Perhaps to a SEPTA rider, it would seem strange to have well-maintained, fabric seats in the subway trains, given the amount of liquids and organic particles that find their way in. But riders of the London Underground, or “Tube” as it’s colloquially known, appear to have great self-control. As a regular user of the Broad Street and Market-Frankford subway lines, the Piccadilly and Central lines are a welcomed vacation.
Trains, or stock, are either tube stock or rolling stock, depending on the line. Either way, I can take one of the aforementioned seats that line the sides of the “carriage,” or take a pole. Being 5 feet 4 inches, I fit nicely inside Tube carriages. But it’s the width that strikes you first. Stock carriages, which are replacing the older models, measure about 9 feet 6 inches across, and about 9 feet 5 inches tall. It sounds reasonable, until you consider that SEPTA cars are 13 feet tall.
And whichever way I face, no one will make eye contact with me. It was made painfully clear to us upon arrival in London that the English do not talk, eat or indeed look at each other on the tube. Oh, no! The subway is a place for reading and staring pensively out the window. The only voices heard in the carriages are those of foreigners — unwitting American tourists, for example.
It’s not as if there’s much time to talk on the tube, anyway. The 20.5 mph at which Central London trains move from station to station, regardless of the time of day, is impressive. Meanwhile, the Victoria line reaches 50 mph and the Metropolitan line reaches more than 60 mph. Aside from Philadelphia, I have ridden subways in Washington, DC, Paris, Montreal, Chicago, Madrid, Barcelona, Boston and, of course, New York City. Each one pales in comparison to the Tube, either in convenience, user-friendliness or sheer cleanliness.
The Tube employs men and women called “fluffers,” who, contrary to their dubious title, are charged with cleaning the rails of dust, trash, human hair and even skin cells every night to prevent accident or fire.

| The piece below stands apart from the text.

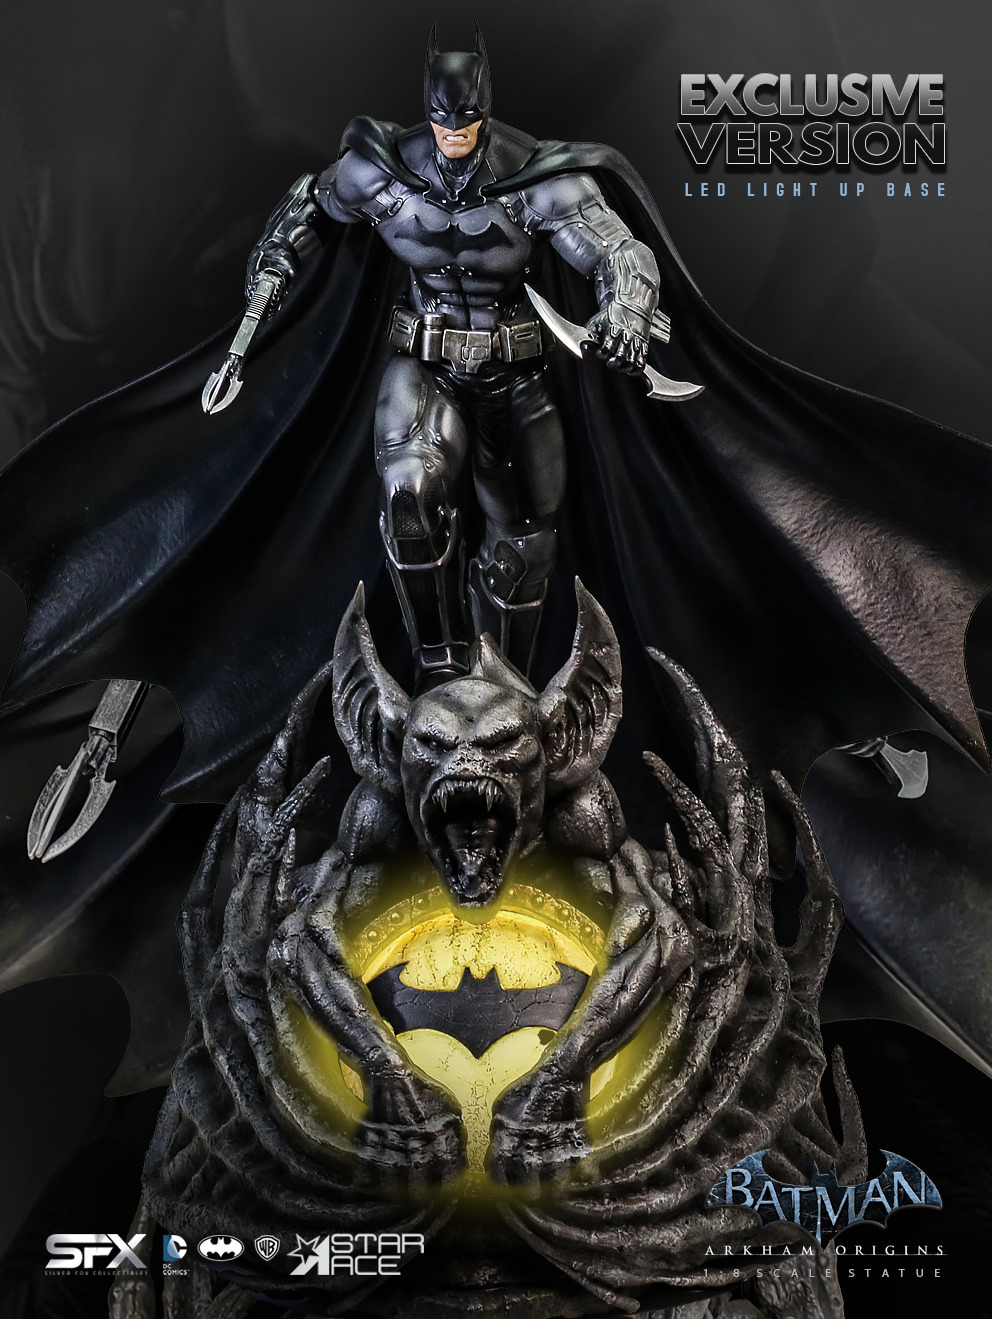 Batman Arkham Origins Exclusive Edition (Prototype Shown) View 3

Those incidents must only happen on the infamous Northern line, because the Circle and District lines, which Temple students have thus far been mostly using, have been clear and problem free. I’ve lost count of how many times I’ve heard Londoners refer to the Northern line as the “Misery” line or the “Suicide” line. Maybe it has something to do with the line’s route through the most southern Underground station at Morden and the deepest point at Hampstead? Even having the longest escalator in Western Europe doesn’t seem to help Northern line passengers to get from the suburbs to Central London any faster.
And after 149 years, you’d expect the system to be perfected by now. The first subterranean railway, the Metropolitan Railway as it was then called, stretched about four miles. Today it lies about 250 miles, serving 1.1 billion riders a year.
One of my favorite quirks about the Tube is its iconic red and blue logo and ubiquitous Gill Sans typeface. Created in 1933 by Harry Beck, the Tube’s map is meant to resemble a circuit board, color-coded and clearly organized in an asymmetrical labyrinth, which sounds like a contradiction but is actually right on.
London was sans serif before sans serif, if you like. Gill Sans was everywhere between the World Wars, and still is to this day. Crisp, sharp and to-the-point — just like the English.
My second favorite feature is the Oyster card. I worship at the altar of the Oyster, I assume aptly named because with it, the “world is your…” Students were given an Oyster card, good for zones one and two of the Tube, as part of our study abroad program fee. Buy one, add money to it online, and you never have to wait in line to buy subway tickets again. An Oyster card is to the Tube what cigarettes are to an inmate or a hair straightener to a sorority sister: currency.
Word to the wise, if you have heavy belongings or some kind of mobile disability, the Tube is not recommended. If you don’t care about that sort of thing, bully for you, because escalators are few and far between in stations, and elevators even more so. Why this hasn’t been changed I don’t know, but I knew from my previous trip to London not to use the Tube from Heathrow Airport to our lodgings.
Walkways and tunnels on the Underground retain narrow pre-war dimensions in many places, so the less bulk you’re carrying the better.
Plus, I haven’t seen one rodent underground all week. Very few buskers and evangelicals seem to ride on the trains as well. Though now that I’ve said it, you can be sure I’ll be taking the bus all next week.
A point of pride the Tube is for London, one of many in the world of transport. If anything were to happen to it, as may happen since a workers strike is due any day now, I think the city would enter a second Dark Age. Although, you may not know it because no one in the carriage would tell you.